The law does not prohibit employers from creating or enforcing existing policies that prohibit employees from performing their employment duties while impaired by medical marijuana, and it is not intended to result in violation of federal law or cause an employer’s federal contracts or funding to be jeopardized.  Nevertheless, the law will create challenges for employers as it relates to drug testing policies since it is unclear whether an employer must excuse or accommodate a positive drug test where the employee is a certified patient taking marijuana in approved forms.  Additionally, because covered patients are deemed “disabled” under the Human Rights Law, employers may need to engage in an interactive process with employees who reveal medical marijuana use to discuss potential accommodations.

A federal appeals court has upheld the dismissal of a commercial motor vehicle driver’s claims that his employer violated the Americans With Disabilities Act and the Family and Medical Leave Act when it fired him after learning of his alcoholism.  Sakari Jarvela v. Crete Carrier Corporation, Case No. 13-11601 (11th Cir. June 18, 2014).

The Department of Transportation’s (“DOT”) Federal Motor Carrier Safety Administration’s (“FMCSA”) regulations prohibit anyone with a “current clinical diagnosis of alcoholism” from driving commercial motor vehicles.  49 C.F.R. § 391.41(b)(13).  In addition, Crete had a company policy prohibiting the employment of anyone as a commercial motor vehicle driver if he or she had been diagnosed with alcoholism in the past five years.

Jarvela worked for Crete for several years before he was diagnosed with alcoholism in 2010 and sought leave to obtain treatment.  His request for FMLA leave was approved.  After being out of work for approximately one month, Jarvela sought to return to work.  Crete decided that Jarvela was no longer qualified to be a commercial motor vehicle driver, pursuant to FMCSA regulations and company policy.  His employment was terminated.

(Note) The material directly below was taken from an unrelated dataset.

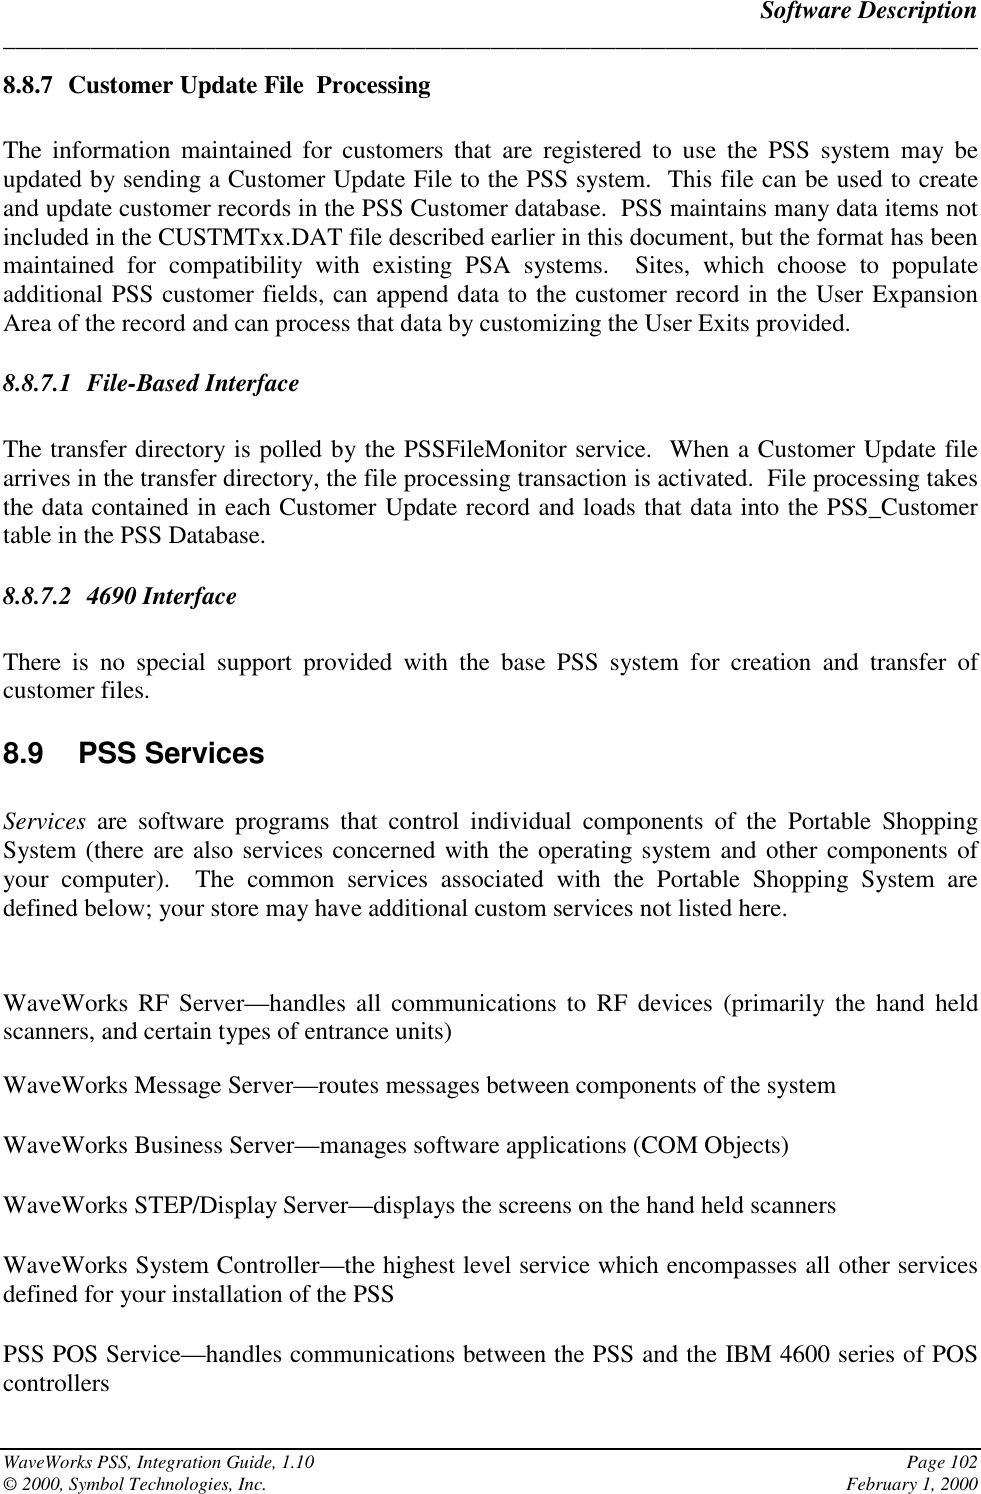 Software Description______________________________________________________________________________WaveWorks PSS, Integration Guide, 1.10 Page 102© 2000, Symbol Technologies, Inc. February 1, 20008.8.7 Customer Update File  ProcessingThe information maintained for customers that are registered to use the PSS system may beupdated by sending a Customer Update File to the PSS system.  This file can be used to createand update customer records in the PSS Customer database.  PSS maintains many data items notincluded in the CUSTMTxx.DAT file described earlier in this document, but the format has beenmaintained for compatibility with existing PSA systems.  Sites, which choose to populateadditional PSS customer fields, can append data to the customer record in the User ExpansionArea of the record and can process that data by customizing the User Exits provided.8.8.7.1 File-Based InterfaceThe transfer directory is polled by the PSSFileMonitor service.  When a Customer Update filearrives in the transfer directory, the file processing transaction is activated.  File processing takesthe data contained in each Customer Update record and loads that data into the PSS_Customertable in the PSS Database.8.8.7.2 4690 InterfaceThere is no special support provided with the base PSS system for creation and transfer ofcustomer files.8.9 PSS ServicesServices  are software programs that control individual components of the Portable ShoppingSystem (there are also services concerned with the operating system and other components ofyour computer).  The common services associated with the Portable Shopping System aredefined below; your store may have additional custom services not listed here.WaveWorks RF Server—handles all communications to RF devices (primarily the hand heldscanners, and certain types of entrance units)WaveWorks Message Server—routes messages between components of the systemWaveWorks Business Server—manages software applications (COM Objects)WaveWorks STEP/Display Server—displays the screens on the hand held scannersWaveWorks System Controller—the highest level service which encompasses all other servicesdefined for your installation of the PSSPSS POS Service—handles communications between the PSS and the IBM 4600 series of POScontrollers

Jarvela asserted claims under the ADA and FMLA, arguing that Crete discriminated against him due to his disability – alcoholism—and that the Company interfered with his FMLA rights and retaliated against him for exercising his FMLA rights.  The lower court disagreed and granted summary judgment to Crete.  The appellate court affirmed.

First, the appellate court held that Jarvela was not a “qualified individual” under the ADA because he was not physically qualified to drive under FMCSA regulations.  The Court observed that it is the employer’s burden to ensure that a driver meets all FMCSA physical qualification standards.  49 C.F.R. § 391.11(a).  Because FMCSA does not permit anyone with a “current clinical diagnosis of alcoholism” to drive, the employer must determine whether someone suffers from such a diagnosis.  Crete determined that Jarvela was not physically qualified to drive a commercial motor vehicle and neither the lower court nor the appellate court found fault with that conclusion.

The appellate court also upheld the dismissal of the FMLA interference and retaliation claims.  Jarvela’s FMLA interference claim failed because he would have been discharged regardless of whether he took FMLA leave.  The retaliation claim failed because he could not show that his termination was related to his FMLA leave.

This case is important to DOT-regulated employers, as it shows that the courts will uphold an employer’s judgment concerning a driver’s physical qualifications to drive a commercial motor vehicle.